A Modern Moses

“Very few men have ever known that men are free.” I thought of these simple words from Rose Wilder Lane’s Discovery of Freedom while watching Harriet, a terrific new film about the remarkable Harriet Tubman, who escaped from slavery and then returned to the South at least a dozen times to help friends, family, and others escape too. Later, as a scout for the Union Army, she guided troops in their assault on plantations along the Combahee River, where hundreds of slaves ran to the Union steamships and freedom. She is reportedly the first woman to have led an armed assault during the Civil War.

Not every enslaved person wanted to be rescued, however. In this film, after Harriet (Cynthia Erivo) risks being captured in order to bring her own sister, Rachel (Deborah Ayorinde) to safety in Philadelphia, Rachel refuses to go, saying, “I ain’t leaving my babies . . . can’t everybody run!” Tubman can’t understand such an attitude. Isn’t freedom worth everything? Tubman has been quoted as saying, “I freed a thousand slaves. I could have freed a thousand more if only they knew they were slaves.” Tubman and Lane both knew that great truth — it isn’t enough to be free; you have to know you are free.

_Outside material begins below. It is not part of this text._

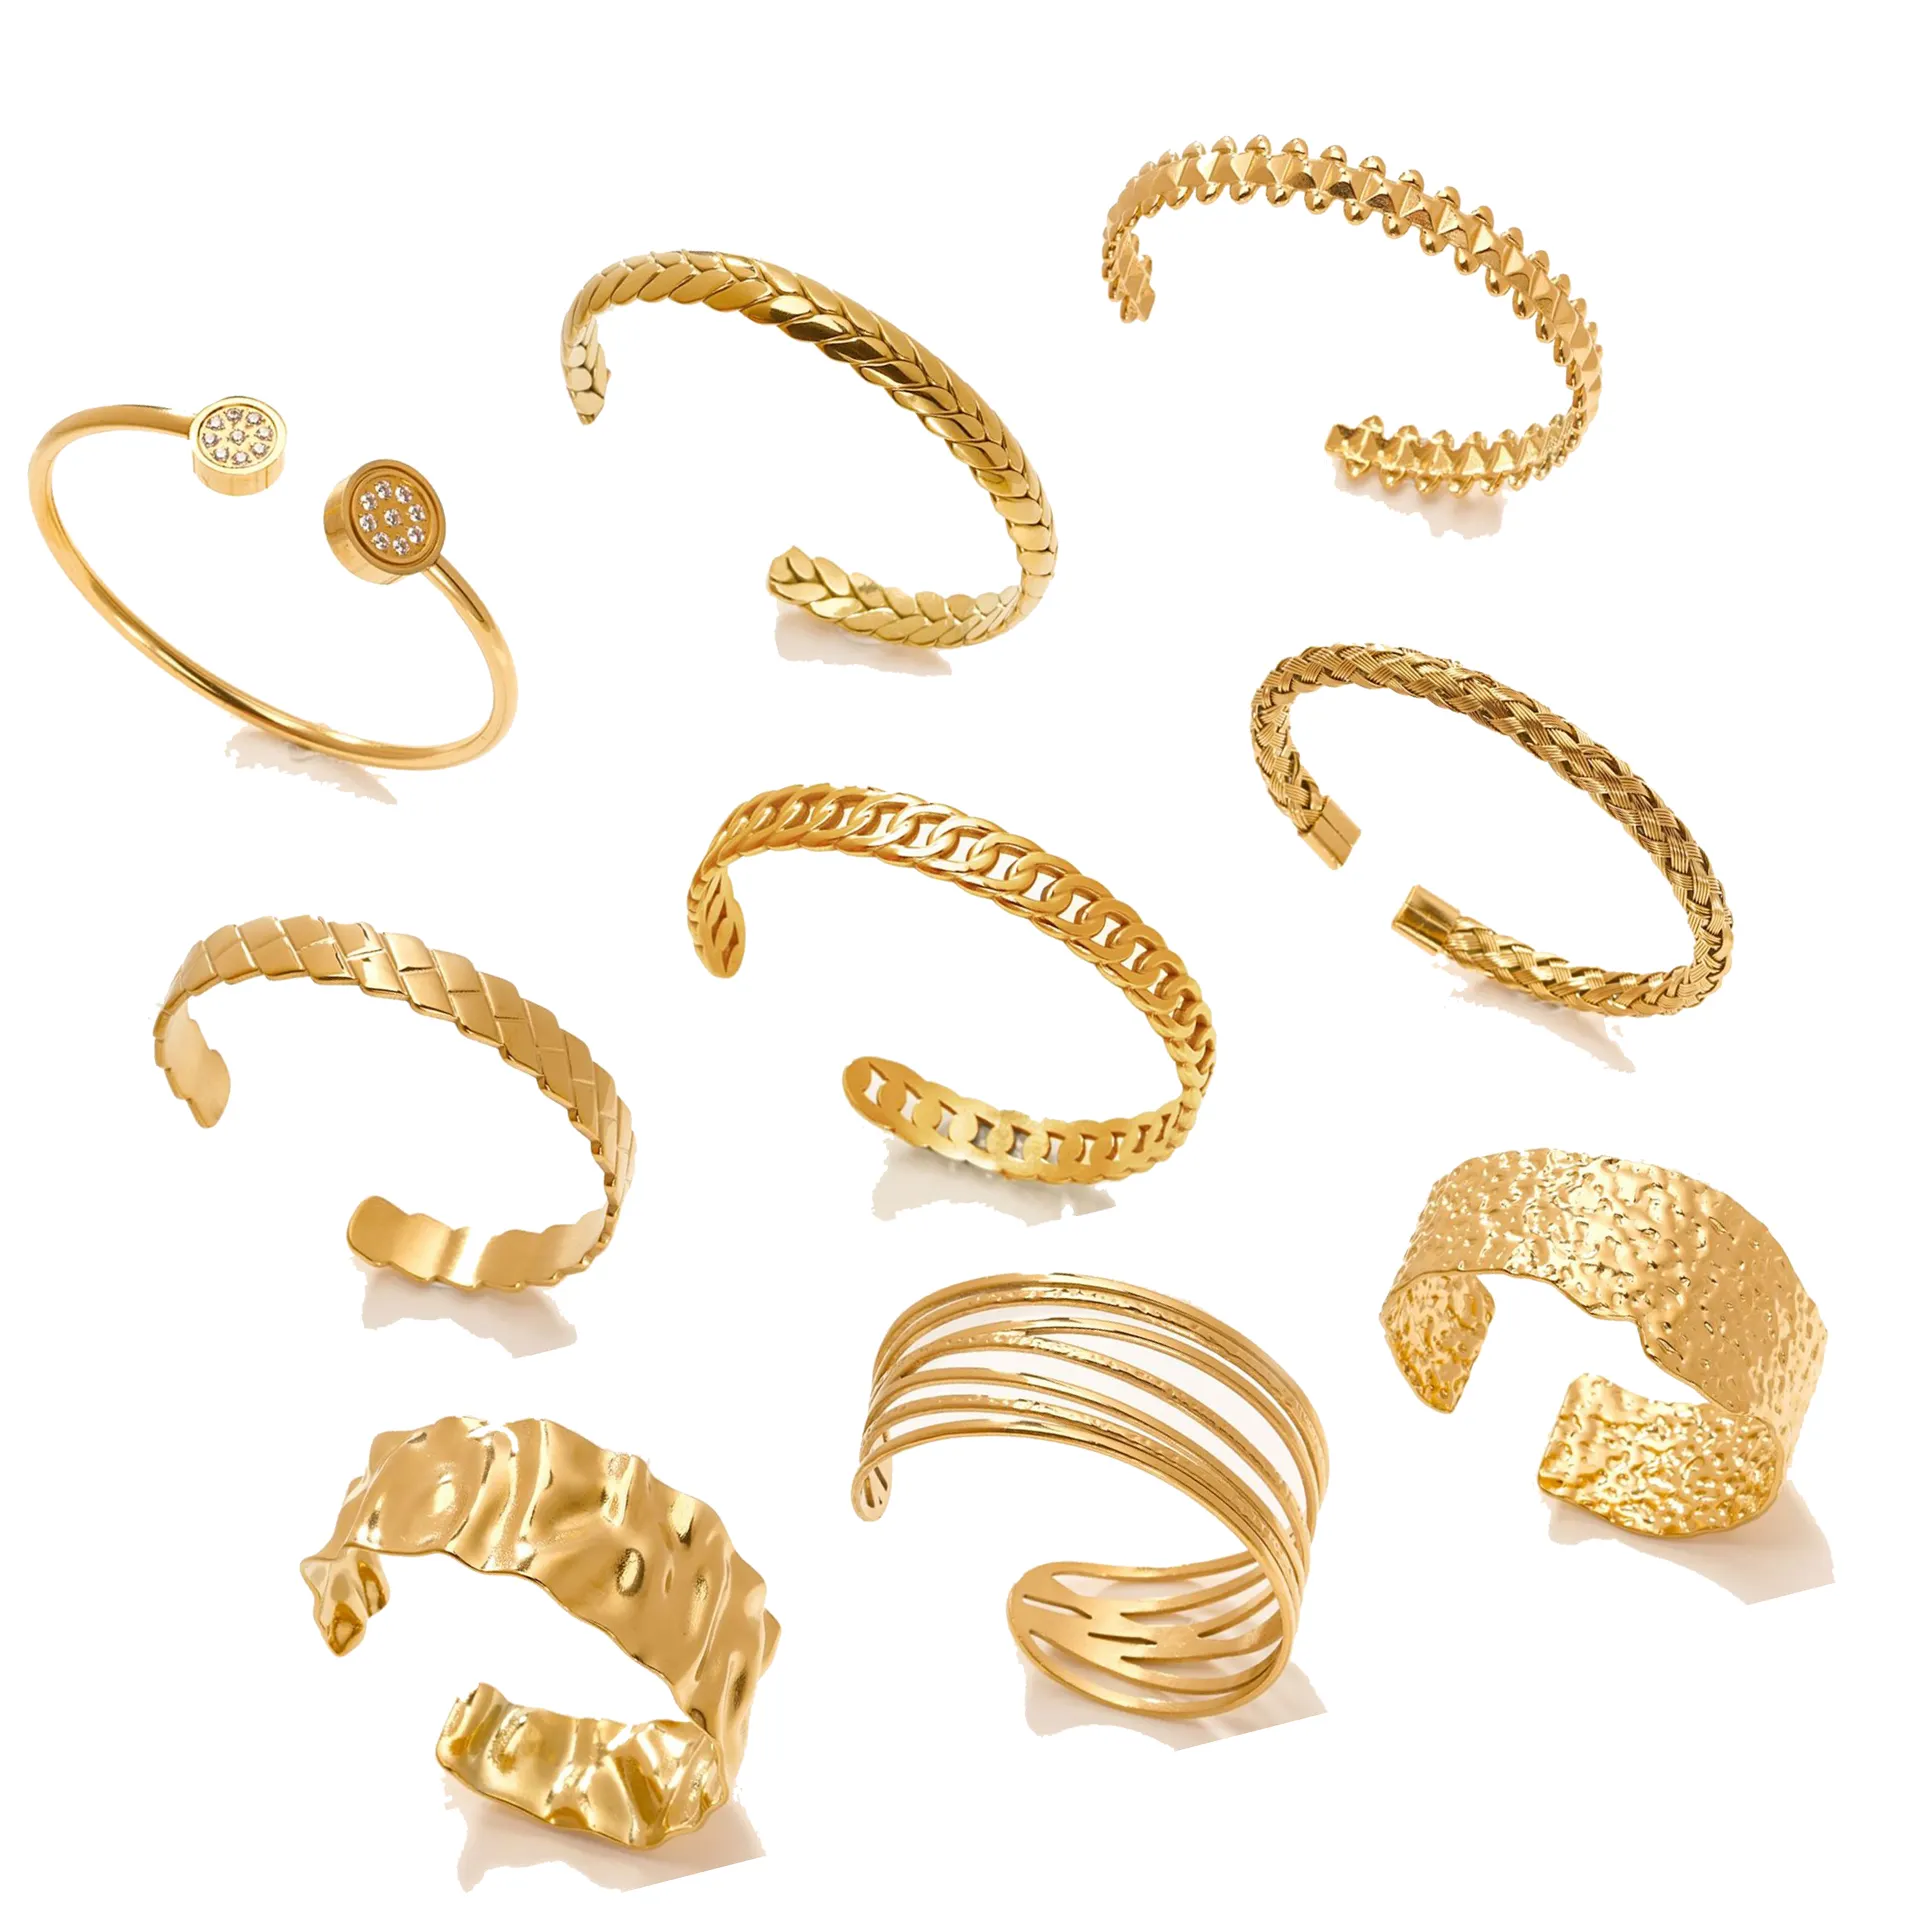 Braccialetti per ragazze gioielli di moda braccialetti in acciaio inox braccialetti donne gioielli e accessori

This film is different from such recent films about slavery as Twelve Years a Slave (2013) and Birth of a Nation (2016), in that the physical horrors of slavery are alluded to but not dwelled upon here. We don’t see the whippings, the rapes, the sadistic torture. While those films are important in telling that part of the story of slavery, Harriet is about the inalienable right to freedom itself, regardless of how one is treated. A well-treated slave is still a slave. As a result, the characters are richer and more complex than they are in the more traditional “blacks are good, whites are bad” movies.

Tubman has been quoted as saying, “I freed a thousand slaves. I could have freed a thousand more if only they knew they were slaves.”

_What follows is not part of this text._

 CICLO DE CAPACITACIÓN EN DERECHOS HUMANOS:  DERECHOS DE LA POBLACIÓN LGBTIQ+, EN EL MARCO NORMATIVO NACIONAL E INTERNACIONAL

We see the economic panic of plantation owners facing bankruptcy from the loss of their escaped slaves, the quiet aid and personal risk of white abolitionists on the Underground Railroad, treacherous black trackers who earn money by helping to bring runaways back to the south, and the contrast in education and experience between blacks in the city and blacks on the plantation. When a freeborn black woman named Marie (Janelle Monae) tells Harriet she needs a bath after she arrives in Philadelphia (and offers her own tub for the purpose), Harriet responds with dignity, “You’re freeborn. You’ve never known the stink of fear.”

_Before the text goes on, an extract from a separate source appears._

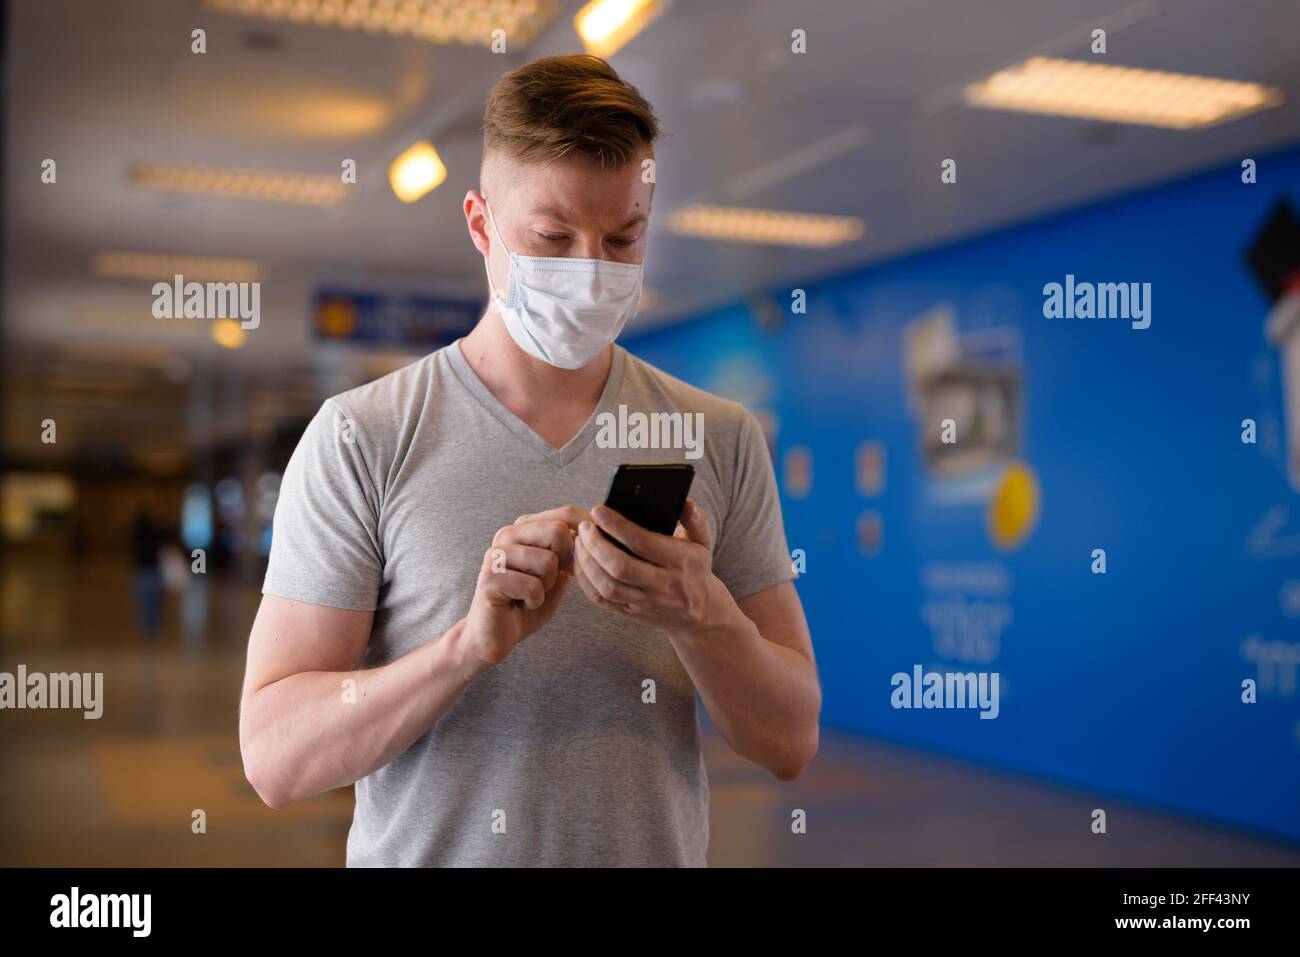 Uomo turistico che indossa maschera per la protezione contro il coronavirus Covid-19 mentre si utilizza un telefono cellulare Foto Stock

As Tubman returns repeatedly to lead slaves to freedom, angry plantation owners offer a reward for the “thief” they call “Moses,” ironically equating themselves with the Egyptian taskmasters in the Old Testament to whom God demanded, through Moses, “Let me people go.” The allusion is developed in numerous ways, and in one particular scene Harriet motivates her skeptical followers by walking directly into the waters of the river she feels compelled to cross while men pursue them on horseback (though not with chariots.)

One reason for Tubman’s ability to avoid capture was that everyone assumed this “Moses” was a black man or a white abolitionist in blackface. It never occurred to them that their nemesis was an illiterate woman standing just five feet tall who suffered from seizures due to a head injury: she was hit with a metal weight when she was a young teen. These seizures lead her to have “visions” that guide her away from danger and toward safer paths as she conducts her little groups to freedom. She is described by one grateful character as “a woman touched by God.” This suggestion that Tubman was a visionary guided by God has caused many reviewers to pan the movie — not because they disagree with the accuracy of the scenes (Tubman often described the experiences she had during her seizures as “visions from God”) but because these reviewers simply don’t like the idea of God having anything to do with her success.

Angry plantation owners offer a reward for the “thief” they call “Moses,” ironically equating themselves with the Egyptian taskmasters in the Old Testament.

Nevertheless, Tubman believed it, and the scenes are handled well. We see her premonitions as fuzzy, monochromatic scenes that come into sharpness gradually over the course of the movie. God doesn’t speak to her directly, but she sees images that eventually make sense to her. For that reason, it could just as easily be interpreted as her own mind making logical sense of multiple details she has observed. Harriet might have been illiterate, but she was not unintelligent. She could read the sky and was a skilled tracker. To communicate with other slaves without attracting the attention of white overseers, she often sings, her rich contralto hiding her overt message in the covert melody of a folk spiritual. These melodies are haunting and sad, especially when she sings a farewell to her mother in the fields as she prepares to run away for the first time. The moment is heartbreaking yet empowering, and the music is exactly right. Her rendition of “Wade in the Water” is even better.

Tubman interacts with many important abolitionists as she travels in the North; there are cameo appearances by Frederick Douglass (Tory Kittles) in his trademark lopsided Afro, and John Brown (Nigel Reed). Senator William Seward (uncredited) invites Tubman into his home and praises her work. And black journalist William Still (Leslie Odom Jr.), who carefully records the details of every passenger on the Underground Railroad in order to help family members reunite in the north, becomes a close friend and supporter. It is largely because of Still’s meticulous recordkeeping that we have a reasonably accurate and uninflated account of Tubman’s work. Without him, the numbers she is thought to have rescued might lie in the hundreds rather than a “mere” 70.

Harriet is well worth seeing, as a piece of history and as a piece of filmmaking. It is a fair story, even if it isn’t an entirely factual story, (as no biographical film ever is) and will probably be shown in schoolrooms for many years to come. The story is suspenseful without being gruesome, and the acting is strong without being overbearing. The side story involving the fictionalized black tracker Walter (Henry Hunter Hall) is especially good in that it fits both the biblical allusion and the film’s theme of choice and accountability. The cinematography provides a rich setting for both the escape scenes and the town scenes, and the music contributes evocatively to the tension and the message. Most of all, it is a film that celebrates the inalienable right — no, responsibility   to “live free or die.” As Rose Wilder Lane might say, “Don’t ever forget that you are free.”